ここで議論がスタートする。さて今回の議論としてはローカリティがどうプロセスと結びついていくのかであり、藤村さんはここでいうローカリティは単純な地域性ということではなく、政治的な意思決定プロセスを含んだ地域性ではないかと述べる。それはつまり巨大な公共建築をつくる時、どう合意形成を図っていくのか。井出さんの「武雄の週末住宅」ですら半年かけて意思疎通をした。それでは物理的制約もある建築がこれからどのようなプロセスで合意形成できるのか。と言った事がメインテーマである。
まず社会学者である鈴木さんからWebの設計では保守・運用、作った後どう作動していくかが重要であるという事が述べられ、それに対して濱野さんが建築にはどこかで切断しなければない物理的制約を受けるとその違いを示す。(切断について詳しくは思想地図vol3)その制約を受けるならばどこかで建築家は完成形を示す必要がある事自体が、合意形成をする上で非常に難しい問題として見えてくる。(すべての人が納得するのは無理であり、納得する必要は本当にあるのか)
そこで古谷さんの鶴の一声があった。(私は非常に感銘を受けた)一般的に建築はつくったもの(ハードウェア)とその後の利用(ソフトウェアの一部)によって終わってしまっていた。しかし建築は本来もっと柔軟なものであり、作り出した後も将来的に変更可能、建築はいつも工事中であるという事。つまり建築家はつくることが目的ではなく、いかにして使わせるかが目的、そうしてできたものは使う者によって変容していく事が可能であり、建築家はその枠組みをつくるのべきだと述べる。事後的な変容を認めるならばそれは正にWeb的プロセスとして建築を捉えていくことを可能にしている。分かりやすくいえば無制限の合意形成プロセスだと言える。

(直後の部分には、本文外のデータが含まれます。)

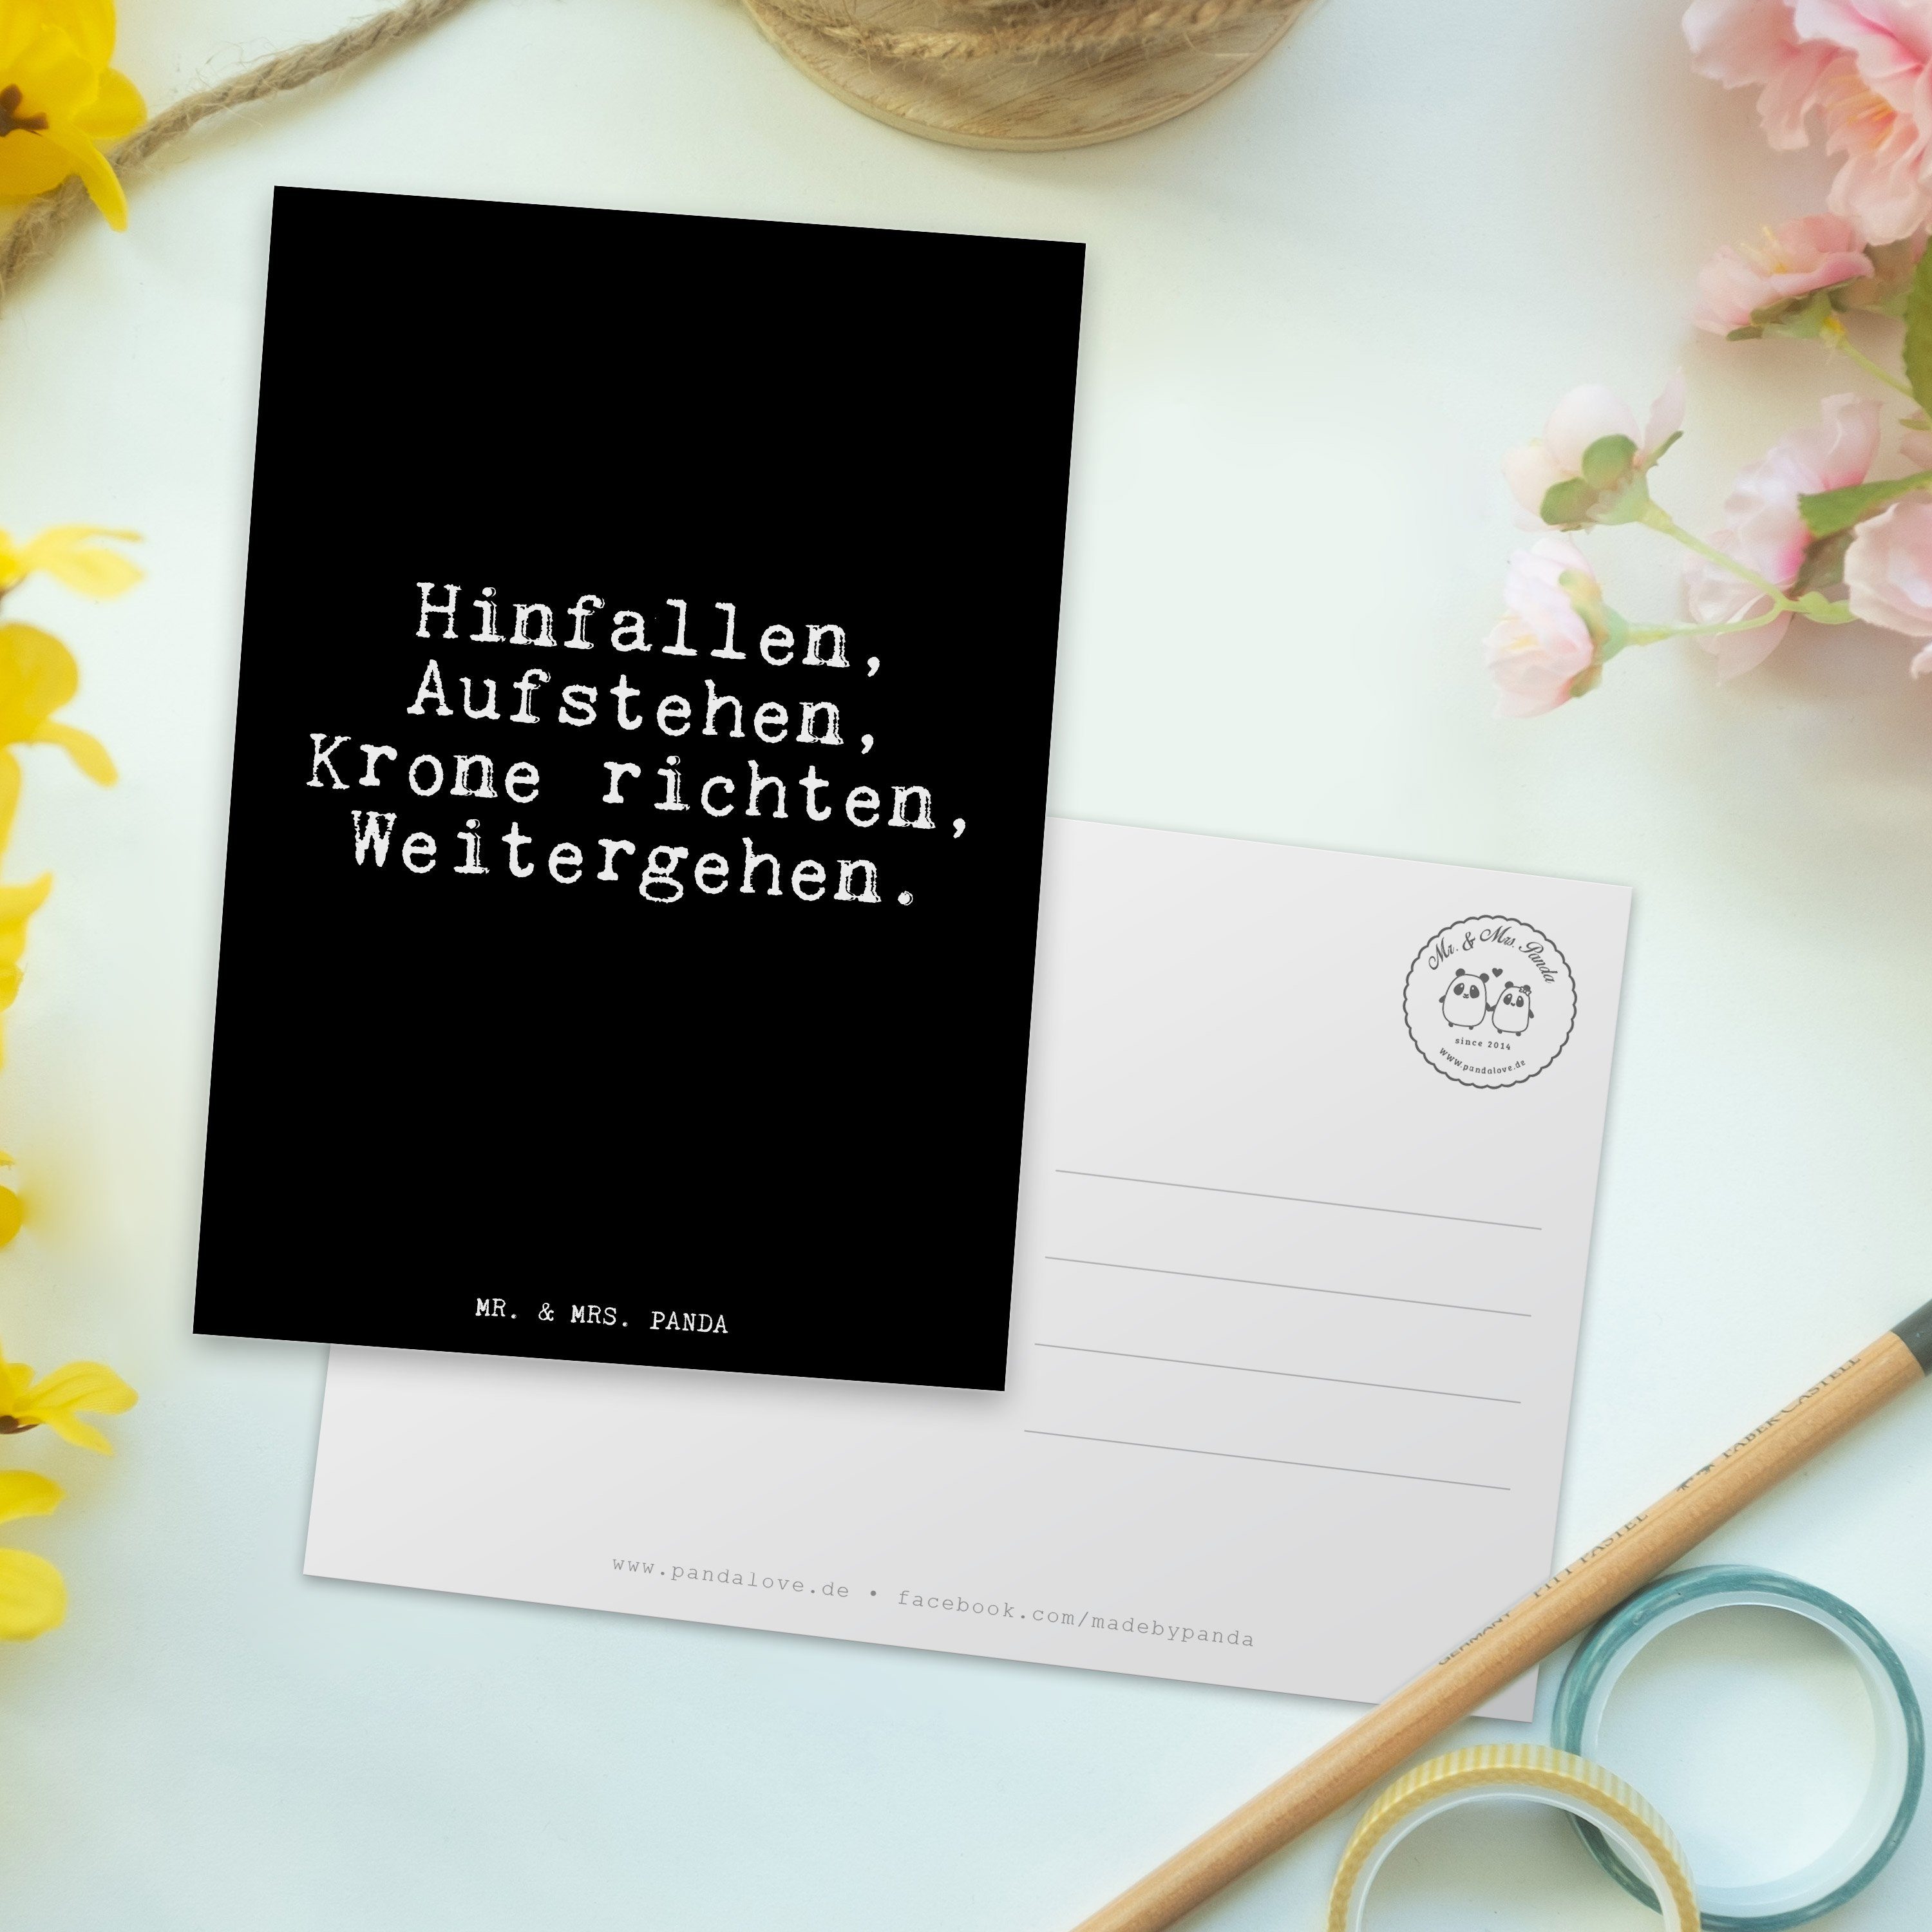 Geschenk, Hinfallen, Postkarte Panda Aufstehen, Frauen - & richten,... Mr. Mrs. Krone Schwarz -

そしてここにローカリティの新しい捉え方が存在している。家成さんはローカリティをネットワークだと解釈し、ステークホルダーをそのまま持ち込むのではなく、ある原形(建築)を持ち込むことでそこに新たなステークホルダーを生み出すことができるのではないかと言う。とここまで言うと藤村さんの言う事後的なローカリティがここに発生しそうな予感は十分期待できる。今まで最大公約数的に設計され、場所なき場所を形成してきた郊外や地方の公共建築(ロードサイドショップ等)に対して一つの建築家の新しい立場が提示されたように思った。

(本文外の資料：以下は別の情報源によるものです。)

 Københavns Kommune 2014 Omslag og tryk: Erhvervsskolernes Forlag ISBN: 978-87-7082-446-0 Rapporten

さて私が今回の議論で注目したいのはやはり井出さんのプロセスの共有化であった。五十嵐さんが最後に、プロセスは事後的に表せばいいと述べていたが……(藤村さんはこれを字義通り受け止めるなと注意。五十嵐さんはプロセスを非常によく考えられている。しかしこれは時間の関係で最後まで議論されなかった。空間性を語るだけではクライアントに十分伝わらないと述べる藤村さんに対して、五十嵐さんの気持ちいいとか、居心地がよいとかいうのは、好みを超えたプリミティブな問題であり、それは伝わるとするスタンスの違いも面白いと思ったのだが非常に残念)私は少なくともプロセスそれ自体の価値ではなく、プロセスの共有化の意味は確立しているのではないかと思う。井出さんの「翻訳者的建築家像」に準えれば、プロセスを分かりやすく翻訳することで施主と対話する。施主が見えていない先を建築家が見せる。そしてまた施主から建築家に対して新しい提案がされる。ここにプロセスの本質が垣間見える。第一夜でプロセスにどのツールを使うかの議論は不毛だという所以もまたここに存在する。そして先述した古谷的建築解釈によってプロセスは建築へと昇華し、終わることのない地域との対話が続いていくことだろう。